Movin’ on… Or not?

My husband is about the most intuitive advertising guy going and he’s right when he says John Doyle – the Globe’s TV columnist – may be the best political columnist in the country. Here’s what Doyle had to say about by-elections a year and a half ago, when he had no idea that there would be four campaigns in Tory and Liberal leaning ridings yesterday:

‘“Layton’s election campaign, seen day after day on TV, connected intuitively to the stories of others that warm our hearts and remind us of our best aspects. The iconography of Layton’s campaign on TV – the cane, the limp, the smiling determination to overcome, was the entry point for Canadians to connect to the NDP leader and through him, to his party.

‘All political parties and their leaders have a strategy to create a narrative that suits their purposes… something freely acknowledged in Jane Taber’s interviews with senior Tories in her recent piece, “Harper spins a new brand of patriotism.” National symbols matter.
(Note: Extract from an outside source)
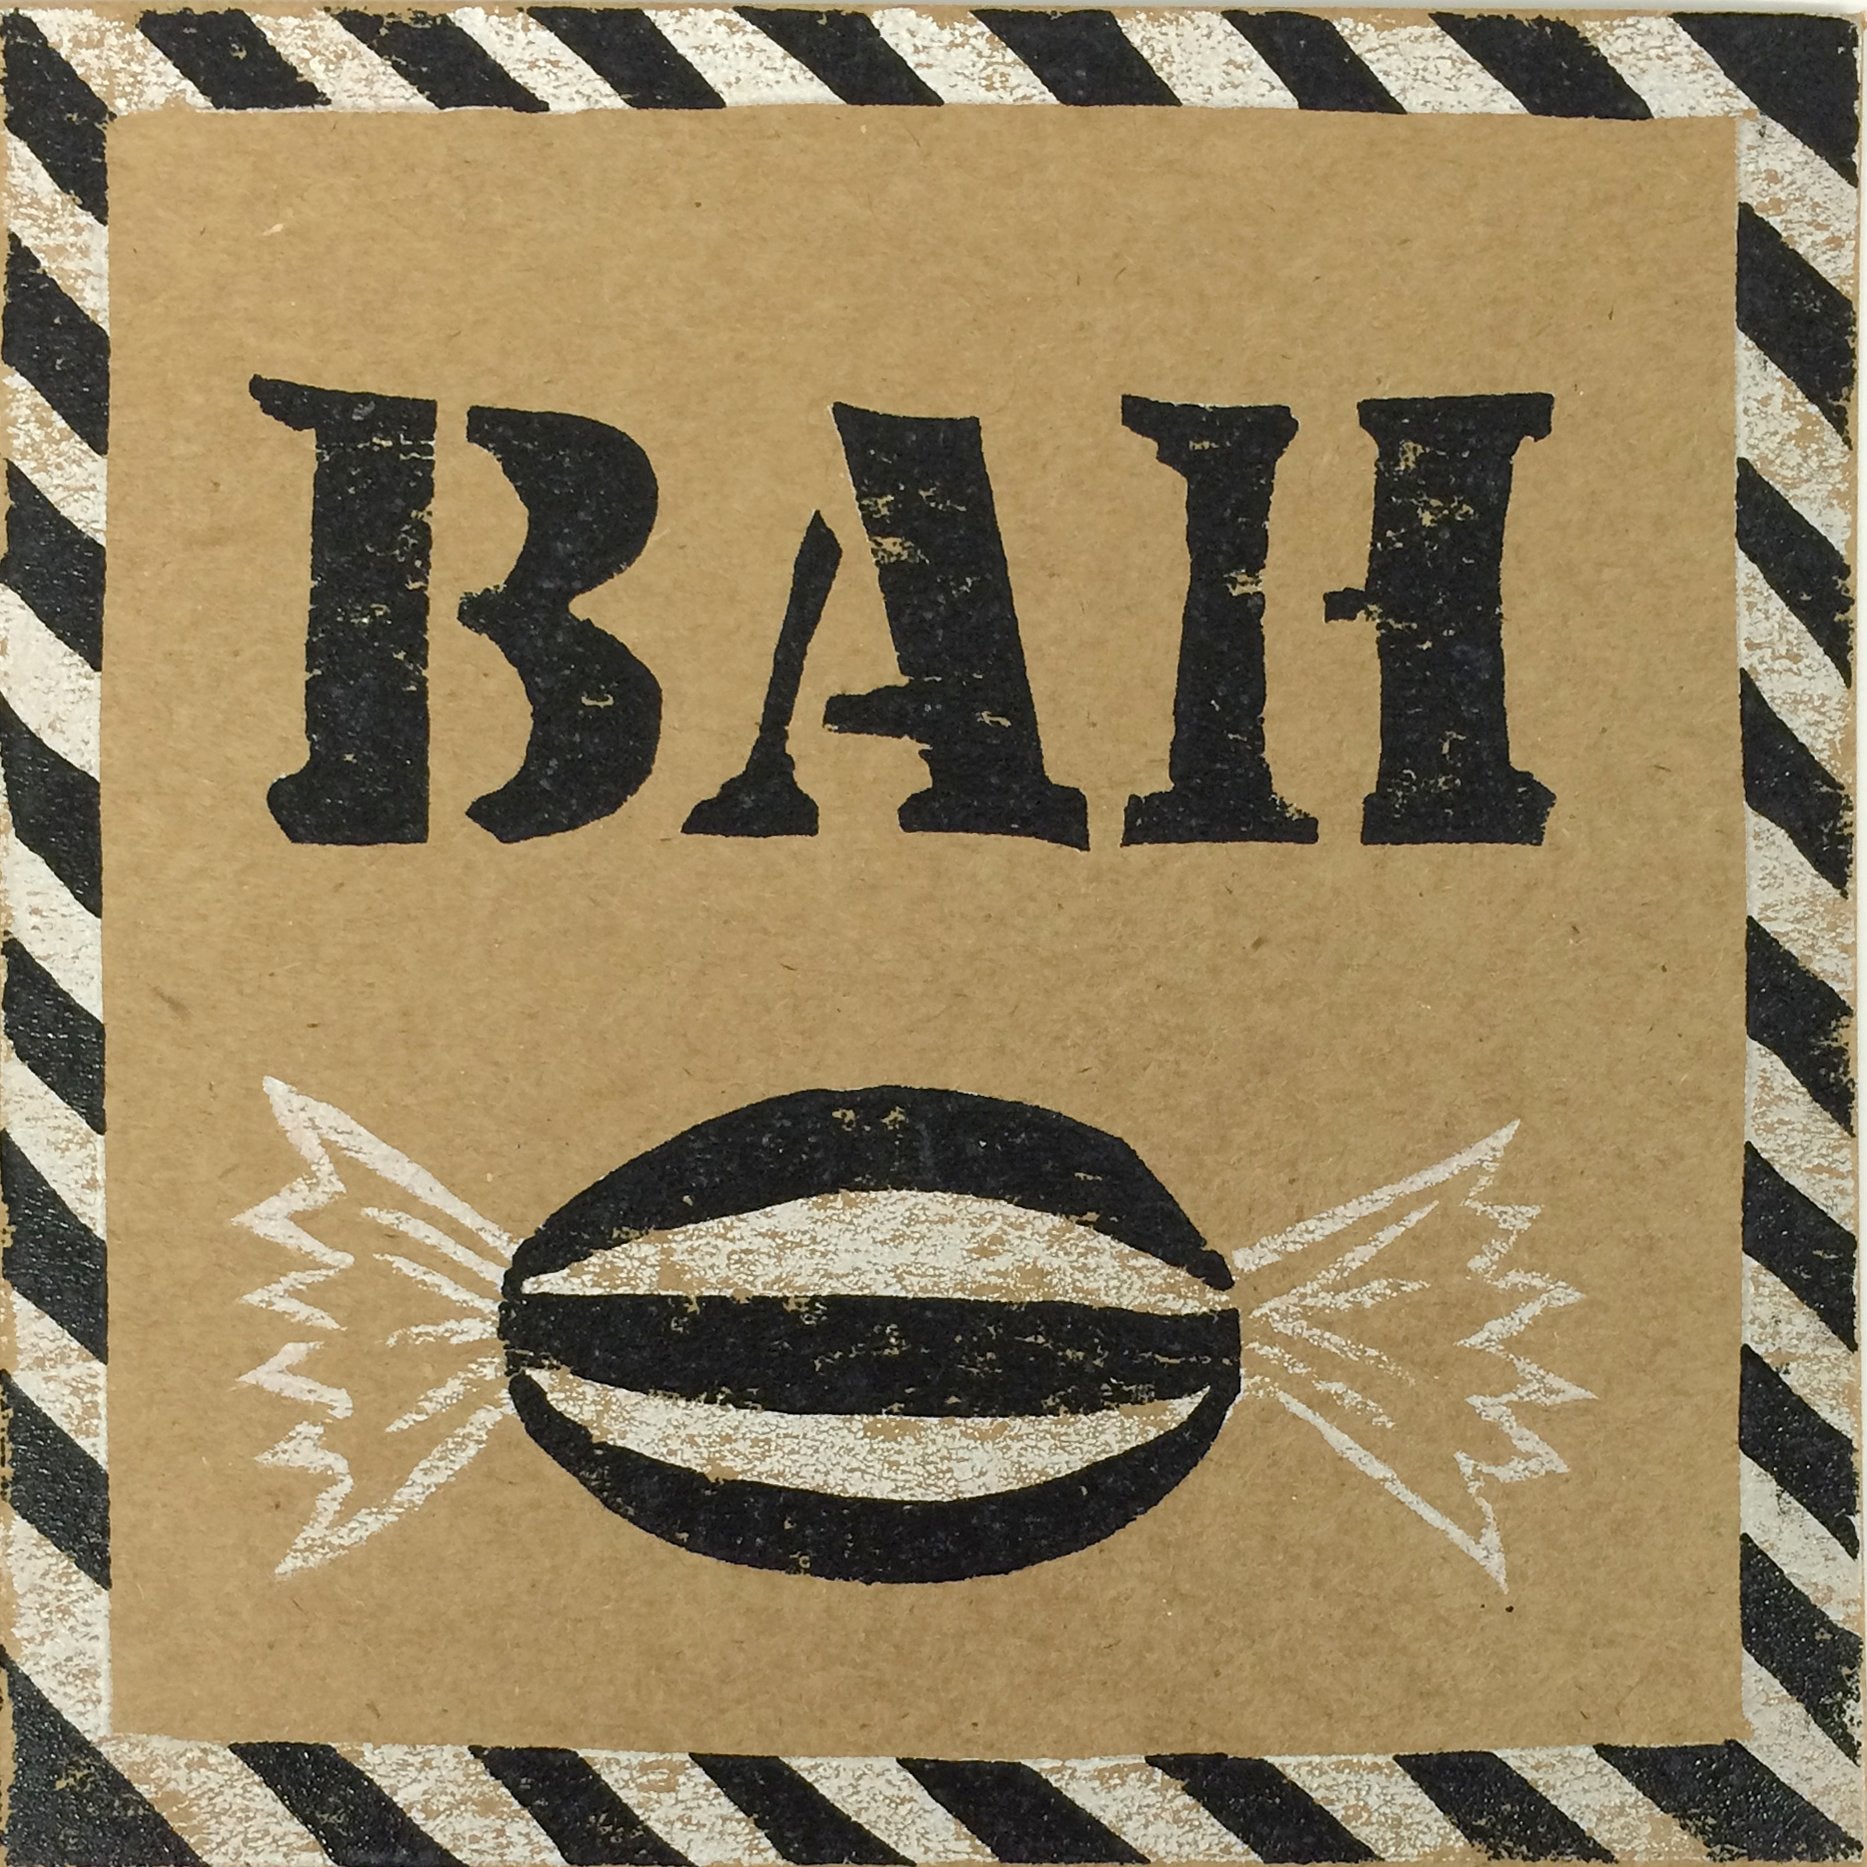 Easy ‘Bah Humbug’ Reduction Linocut Christmas Card﻿

National ideals of “pride” and “bravery” are vital in all of this.

‘In Layton’s election campaign the narrative was clearly not faked, or mere strategy: The person was the message and the message was the person. It’s how television works, to isolate and highlight authenticity.’

I want to point out another message type thing.  My daughter found and developed Jack’s tour dates in 2011.  (Spot the pride?) – She understood that Jack’s fight was the message and when he stood up in that Montreal bar waving his cane just as the underdog Canadien’s scored, it was because she understood the message that picture carried to millions of Canadians who desperately wanted a leader who would stand with them.
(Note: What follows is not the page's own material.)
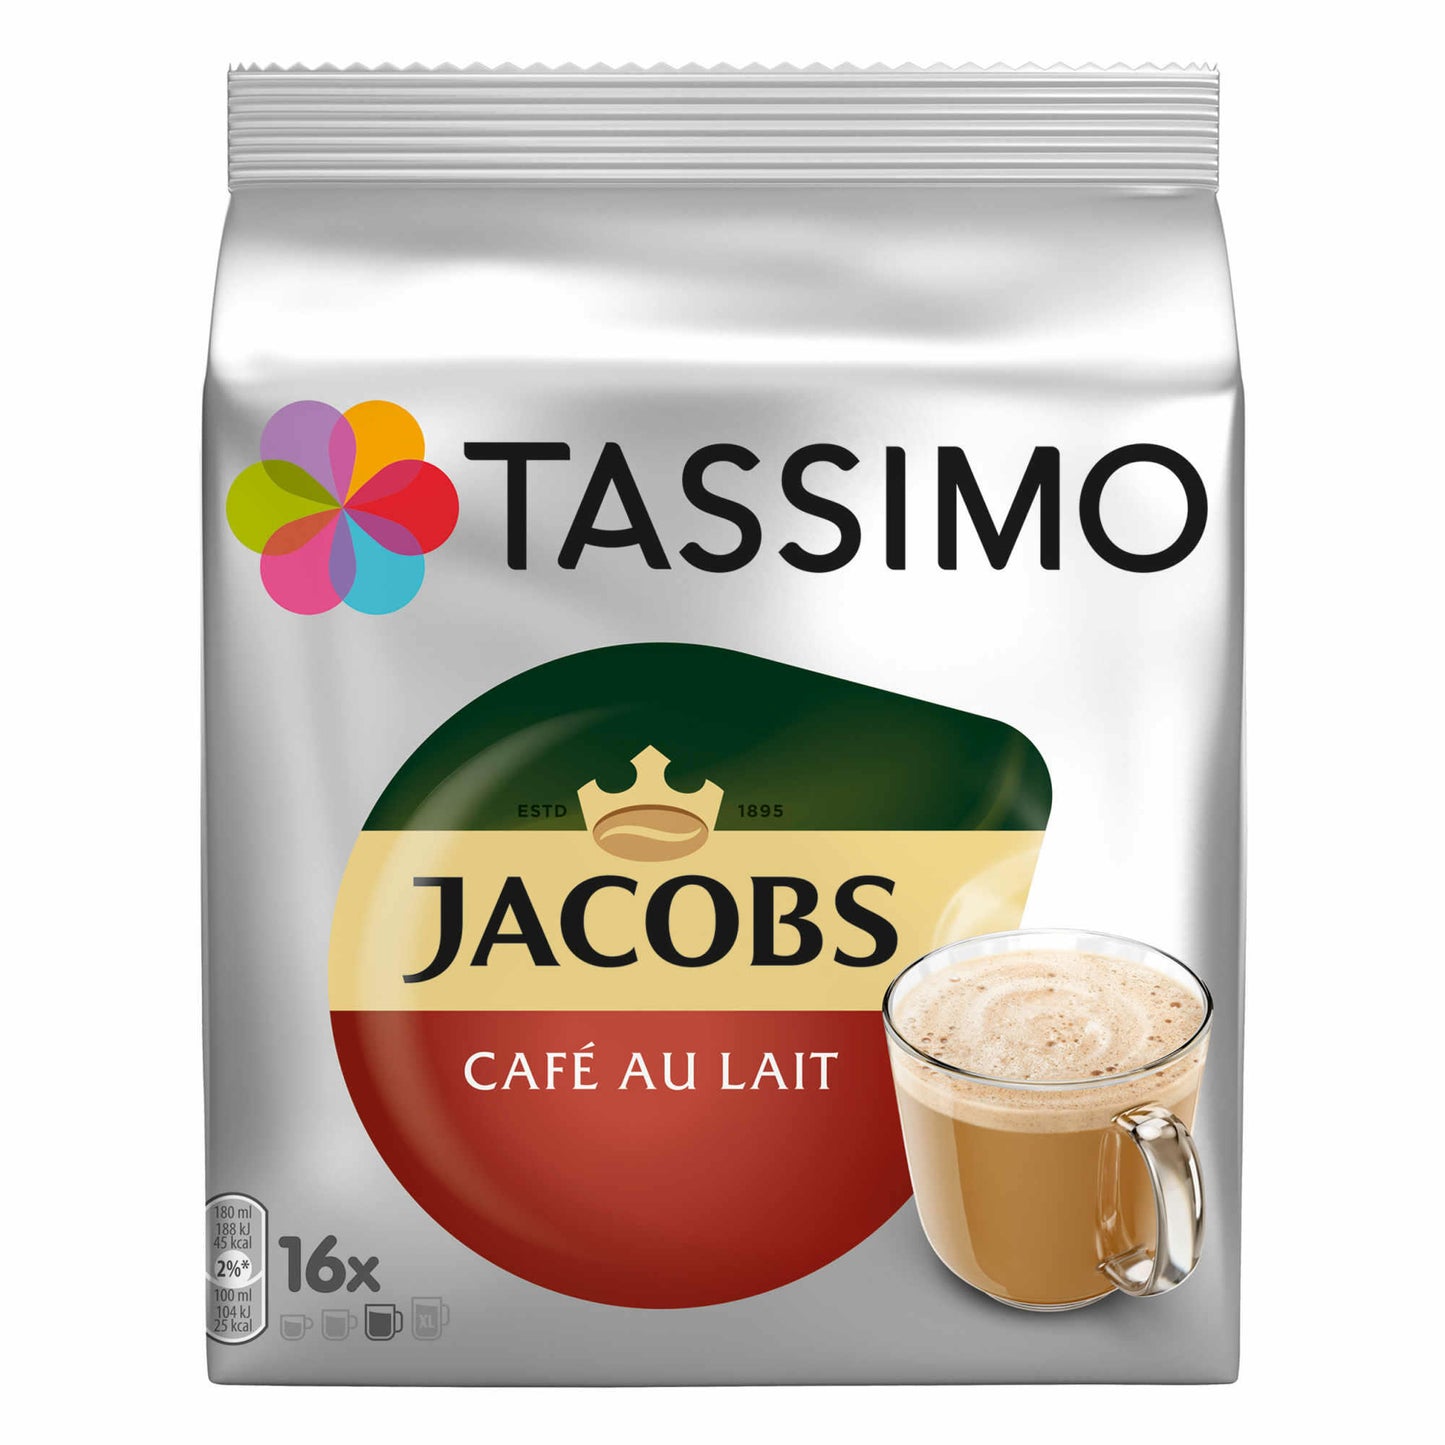 Tassimo Jacobs Café au Lait, Kaffee, Kaffeekapsel, Milchkaffee aus gemahlenem Röstkaffee, 16 T-Discs / Portionen

It was highly unlikely that the NDP was going to win one of the 4 seats at play in last weeks by-elections.  Regardless.  The Liberals did what they needed to do and the NDP and the Conservatives didn’t.
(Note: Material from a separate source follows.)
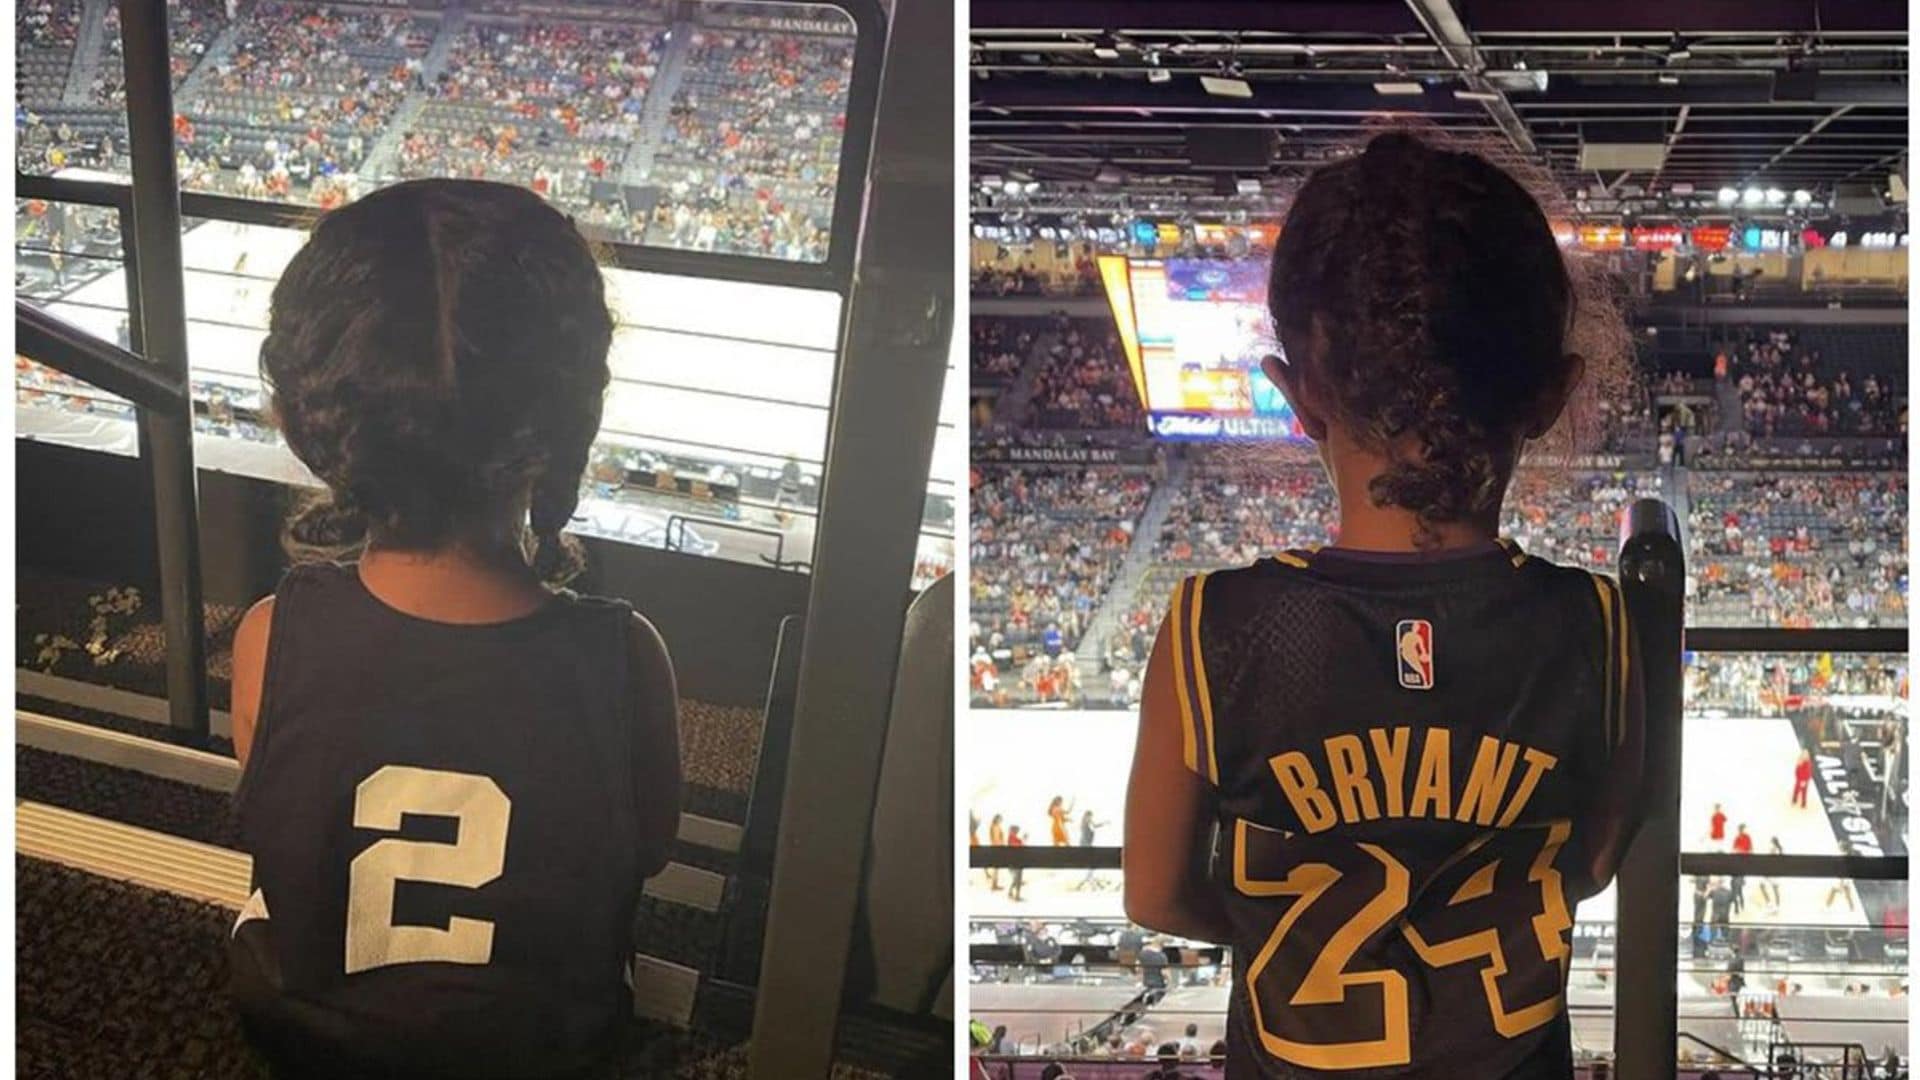 Vanessa Bryant's daughters Bianka and Capri wear jerseys honoring Kobe and Gianna

For the NDP, it’s a good thing these by-elections are two years out.  If we read the tea leaves correctly and take the action necessary to re-tool there’s a good fight to be had.  At the very least Harper and his Tories should be gone the morning after in 2015.

And 90% of Canadians should be able to celebrate that.

Lessons to be learned

So, what’s the take away from last night? It’s pretty simple: we need a message and we need issues and examples of that message that show Canadians that we are on their side.

We need to demonstrate through words, events, messengers and strategy that we get what Canadians are going through as the Harper Tories remake our country in their image and we will repair that – not take us backward, but take Canada forward on a path that puts greater equality first  – that means a real chance at meaningful education, pensions when they are needed, decent wages and benefit etc…

The good news is that that message is there for the taking.

The bad news is that the Liberals – the true magpie party – is already taking it. We’re spending our time sounding so know it all, calling Justin Trudeau out as an airhead thief from the right side of the tracks, when all he is doing is following the well-worn Liberal playbook:  steal the NDP message and the Tory platform or rather throw a spaghetti platform at the wall and see what sticks.

I’m not so sure we’re going to see bud two years from now, but who knows?  More importantly, over at Liberal headquarters I’m sure they are saying “who cares”.  They’ll pitch whatever works and doesn’t get in the way of what I think they consider is their personal 40%.

And the message is?

I’m sure if I asked, the Federal NDP would say we have an issue and a message and it’s inequality.  And I’d reply, ‘if that’s the case, why was the most memorable campaign moment when our leader and our candidate in Toronto Centre disagreed about tax increases for corporations and the wealthy?’

Someone very important to the campaign didn’t get the inequality memo. More importantly, inequality isn’t a message – yet.  It’s a general state of being that’s at issue in this country and is very hard to turn into a tight, easy to use issue, let alone a message that resonates with the millions we need to reach. And we aren’t doing that yet.  The evidence is very clear.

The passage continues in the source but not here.